Anti-inflammatory and Pro-resolving Mediators

So far, we have discussed mediators that are involved in activating the inflammatory response, but several studies have shown mediators that can modulate inflammation as well, including anti-inflammatory cytokines (e.g., IL-4, IL-10). A successful inflammatory process relies on the production of mediators that actively influence its resolution (Serhan et al., 2007). Recent studies have shown that some endogenous mediators (produced during the inflammatory process) can be responsible for finely controlling the inflammatory response, leading to its end. The termination of inflammation is governed by molecules collectively referred to as pro-resolving mediators. Failure in the production of these molecules can lead to excessive tissue damage and chronic inflammation (Figure 8). There are many molecules that have been described as mediators of resolution, and new players are still being continuously discovered. These molecules act at key points of the inflammatory response, controlling the migration of leukocytes from the blood to the tissue, inducing the death of neutrophils, increasing phagocytosis, inducing the polarization of macrophages towards an anti-inflammatory profile, and reducing the production of pro-inflammatory mediators. Some examples are the specialized pro-resolving mediators (SPMs) (e.g., lipoxins, resolvins, protectins, and maresins), proteins, and peptides (e.g., annexin A1, adrenocorticotropic hormone, galectins), gaseous mediators (e.g., H2S and CO), as well as modulators of the central nervous system (acetylcholine and other neuropeptides) (Sugimoto, Vago, Perretti & Teixeira, 2019).

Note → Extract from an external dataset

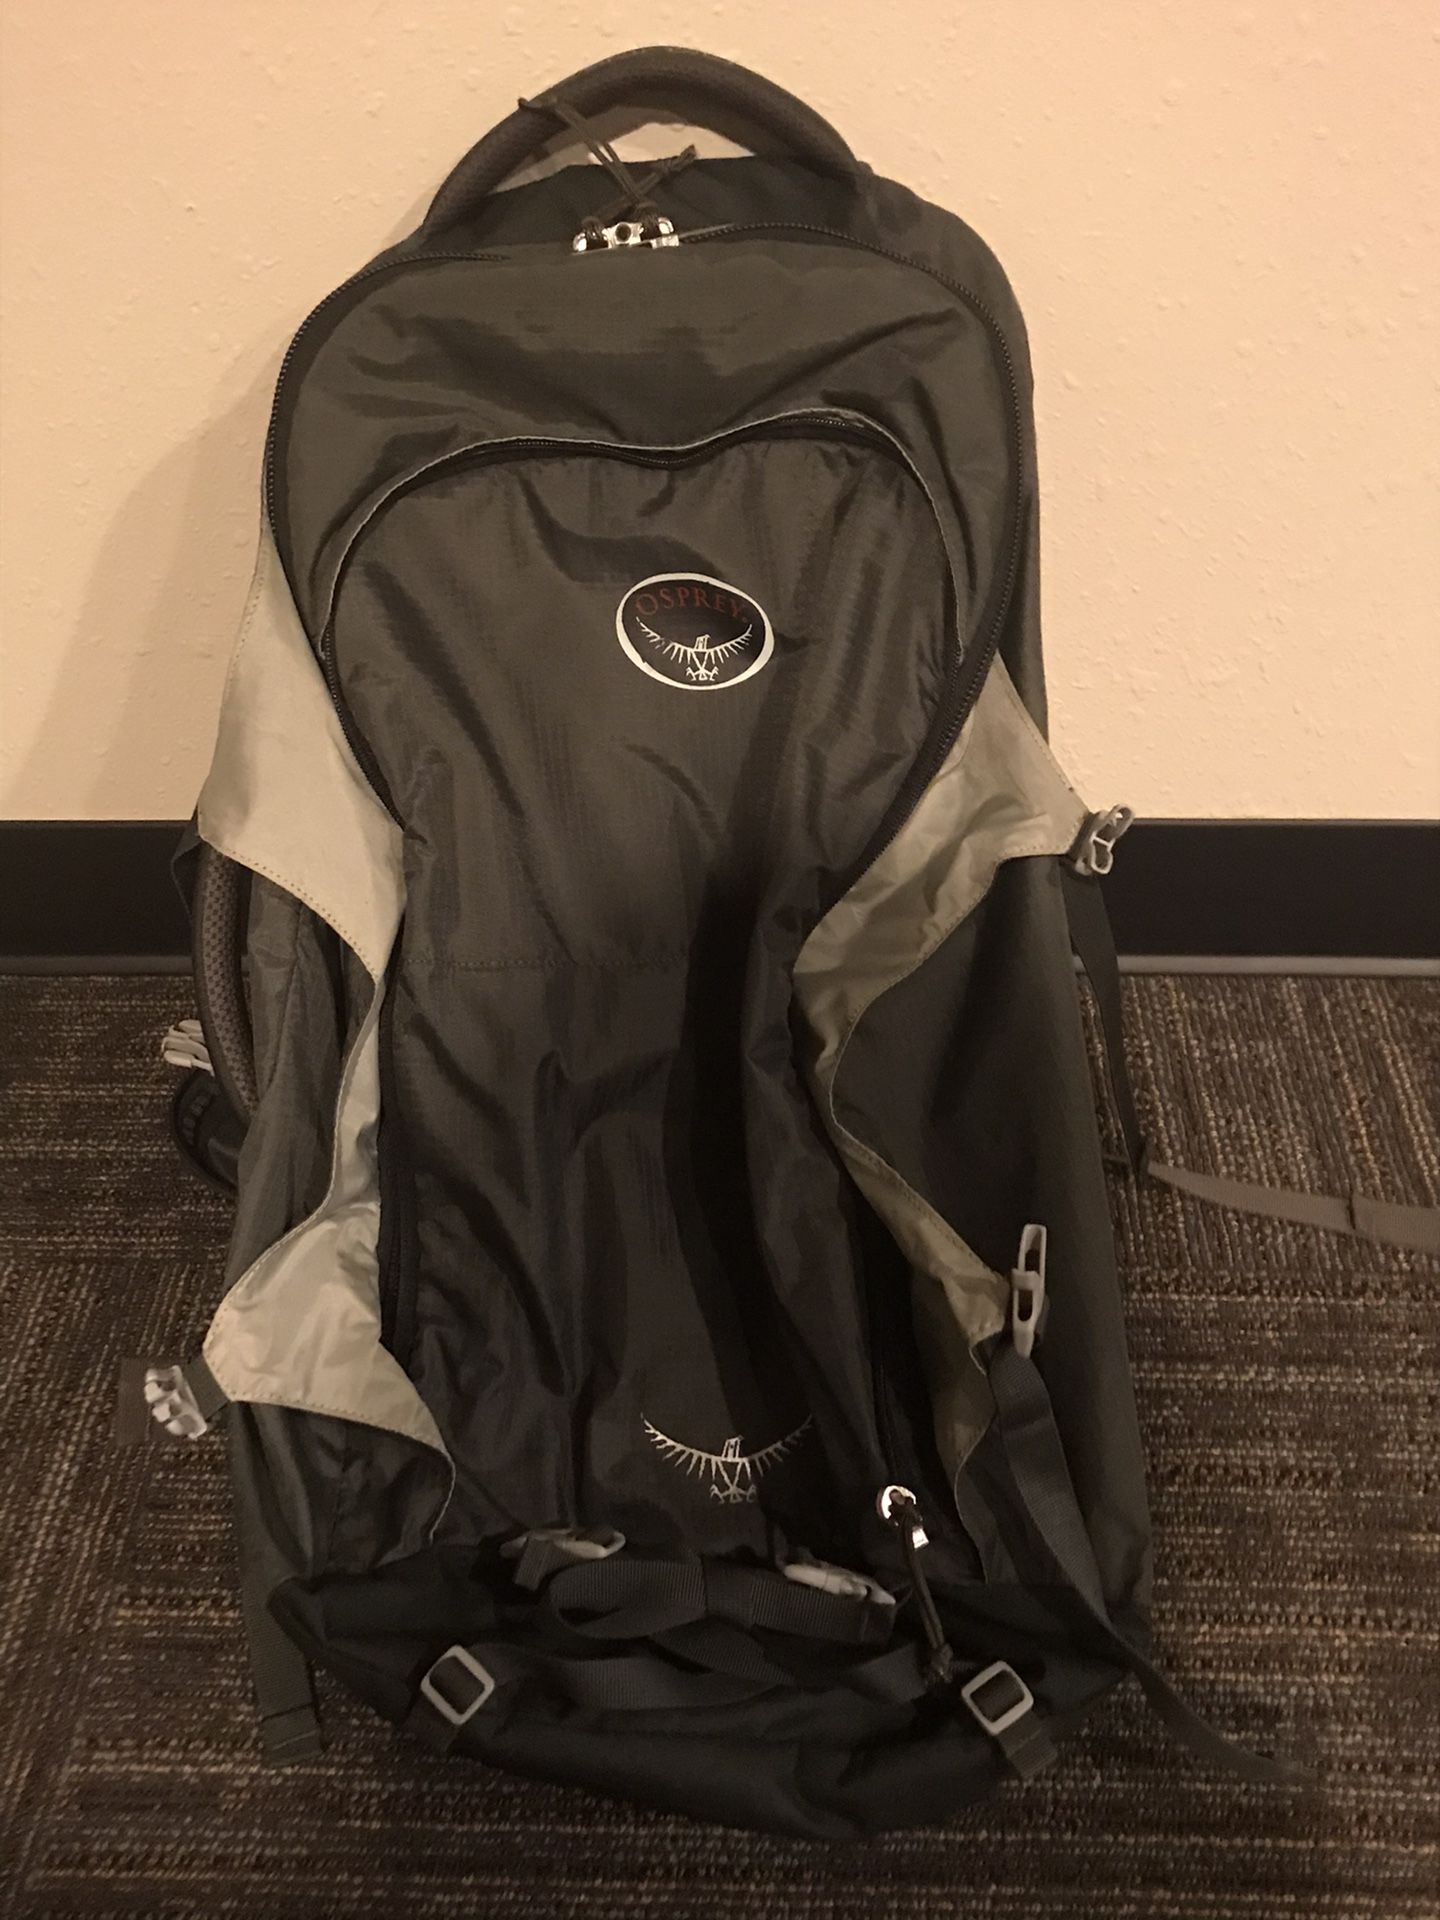 Osprey Farpoint 55L Travel Backpack - No daypack

Figure 8: Schematic illustration depicting leukocyte infiltration during the inflammatory response and the main differences between resolution and chronic inflammation (Hansen, Vik & Serhan, 2018).

Conclusion

The inflammatory response is an intricate process that involves distinct cells and mediators that act in a coordinated way to combat the threat and initiate the healing process. An understanding of the inflammatory process requires knowledge of its main players. Here, important concepts regarding the inflammatory mediators, inflammatory cells, and their contribution to the inflammatory process were underlined. Inflammatory mediators work in a balanced way to initiate and maintain the inflammatory response, altering the local microenvironment and favoring the recruitment of inflammatory cells to the site of infection or injury. This complex process involves myriad players, including different triggers (e.g., pathogens), cell types, and chemical mediators, and the mechanisms involved in the inflammatory response are still being unraveled. Chronic inflammation and the development of various inflammatory diseases are marked by an imbalanced or prolonged release of inflammatory mediators and excessive leukocyte recruitment. Therefore, the modulation of the inflammatory response, tempered by the production and release of pro-resolving mediators, may be crucial for an effective and balanced response, preventing the development of diseases and many studies in this field are being conducted.